In 1995, in my second year as an Istanbul-based correspondent for Reuters, the Istanbul state security opened a case against me. The charge was “inciting” racial hatred and the crime was an article that described how the Turkish military was forcing Kurdish civilians out of their villages to deny the rebels support. The article had been used by a Kurdish newspaper in Turkey—the newspaper, like many others in Turkey, subscribed to the Reuters news service—which made it possible for the court to charge me. No-one ever suggested the article was false, just that it would have been better had it not appeared. I was acquitted, but Turkish authorities insisted I stop working in Turkey and Reuters subsequently transferred me to the their Middle East/Africa desk in Nicosia. I returned to Turkey many times, some-times for work, other times to see friends, but to avoid problems with the authorities I avoided reporting on the Kurdish conflict in the southeast.

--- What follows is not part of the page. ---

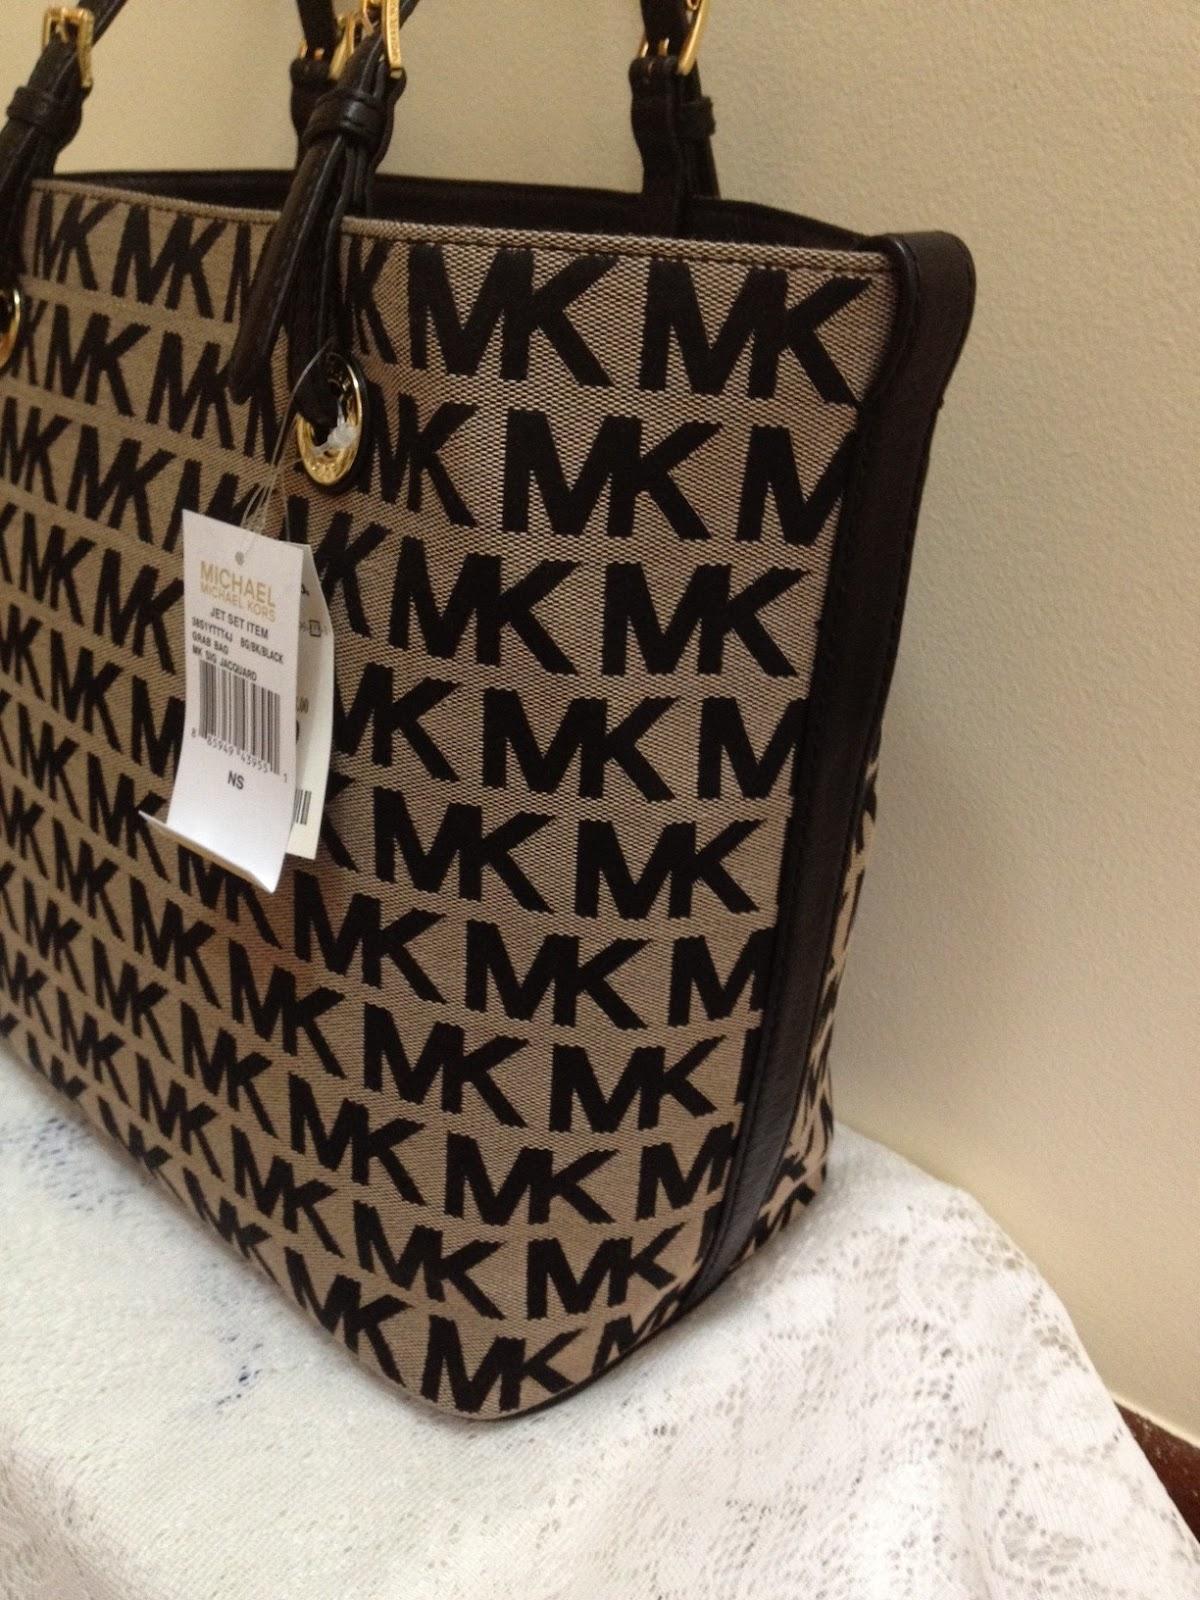 Jacquard Fabric Trim Leather Michael Kors Bag Double Handles With 8 Drop Mk Logo Circle Charm 2 Open Side Pockets

The idea for this book came to me after Ocalan was captured, when PKK rebels began to split from the group in frustration with Ocalan’s new, more compliant stance and his call for the rebels to disarm. For the first time, well-known militants, often dispirited and coming to grips with their own past, were willing to talk. For the first time, it was possible to get detailed information directly from those who had been inside the group, without relying on Turkish army statements or statements by PKK militants in Turkish custody. Despite concerns I had about returning to this subject, I could not give up the chance to get the inside details about the PKK, a group about which I had written many articles, yet almost always based on information from civilian supporters and Turkish opponents.

I hope this book will make the Kurdish war in Turkey and the Kurdish conflict throughout the region more understandable. And along the way, help explain what causes a 16-year-old girl named Zayide to leave her family and friends and join a rebel war that, as she must have realized, was likely to lead to her death in a year or two.